Having recounted both the changeable nature of humankind as well as the potential for deceptive appearances, Gregory proceeds to build a case for the presence of justice in humanity's plight:

[...] the mind, being cheated of its desire for that which is really good, was carried away to what is unreal through the deception of the counsellor and inventor of evil, by having been persuaded that that truly is beautiful, which is the opposite of beautiful. For his guile would have been ineffectual, had not the semblance of the good been spread upon the hook of evil like a bait.

The devil made use of the potential both for malleable human nature to be 'carried away' and for appearances to deceive. Gregory here introduces his famous 'fishhook' and 'bait' metaphor to describe the process. Humanity was lured into a snare just as a fish is led to bite a hook: because the trap was made appealing. 

Despite this deceit, Gregory holds humanity to account: 'Man then was freely involved in this disaster; he had yoked himself to the enemy of life through pleasure'. Driven by desire, humankind opted for bondage and slavery. Humanity is responsible for choosing, just as a fish is responsible for biting the bait. It does not matter that the bait is a deceit. To bite is a free choice, an act without coercion. Mutable humankind followed its own inordinate desires and, failing to distinguish between surface appeal and the true depth of beauty, chased an empty reflection. In doing so, it lost what it already had as gifts of divine grace. The consequences are therefore just. As there is a logic and order to redemption, there is a logic and order to the initial process of enslavement. God's fair measures to counteract this tyranny will match in inverse fashion the steps taken to bind humanity'. 

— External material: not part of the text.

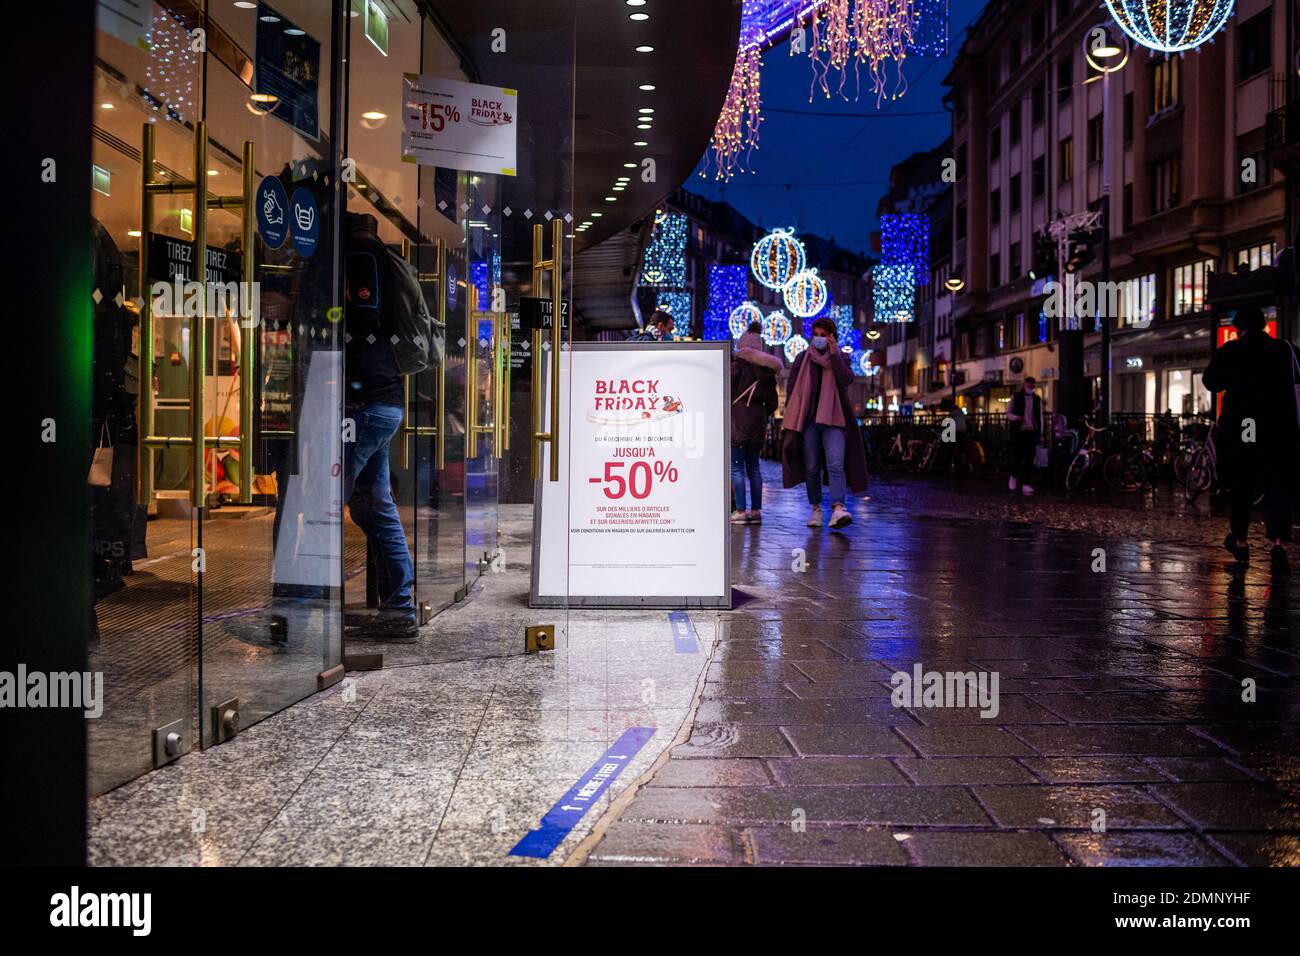 Strasburgo, Francia - 4 dicembre 2020: Folla di persone che entrano nel grande centro commerciale di lusso di notte con iscrizione sul banner d'ingresso - venerdì nero fino al 50% di sconto - natale decorato strada in background Foto Stock

Devin Singh Divine Currency (2018) p.153

MoneyWisdom #491

 "While created in the image of God, humankind is not identical to God, having come from nonbeing into being and thus evincing capacity for change. As a changeable and dynamic form, humanity is always on the move, so to speak. Such processual nature heads towards perfection and the good, or toward its opposite, which is a type of nonexistence, a loss of being. The engine of movement is desire, the goal toward which it strives is beauty, and the mechanism of action is the will, which, Gregory maintains, is free."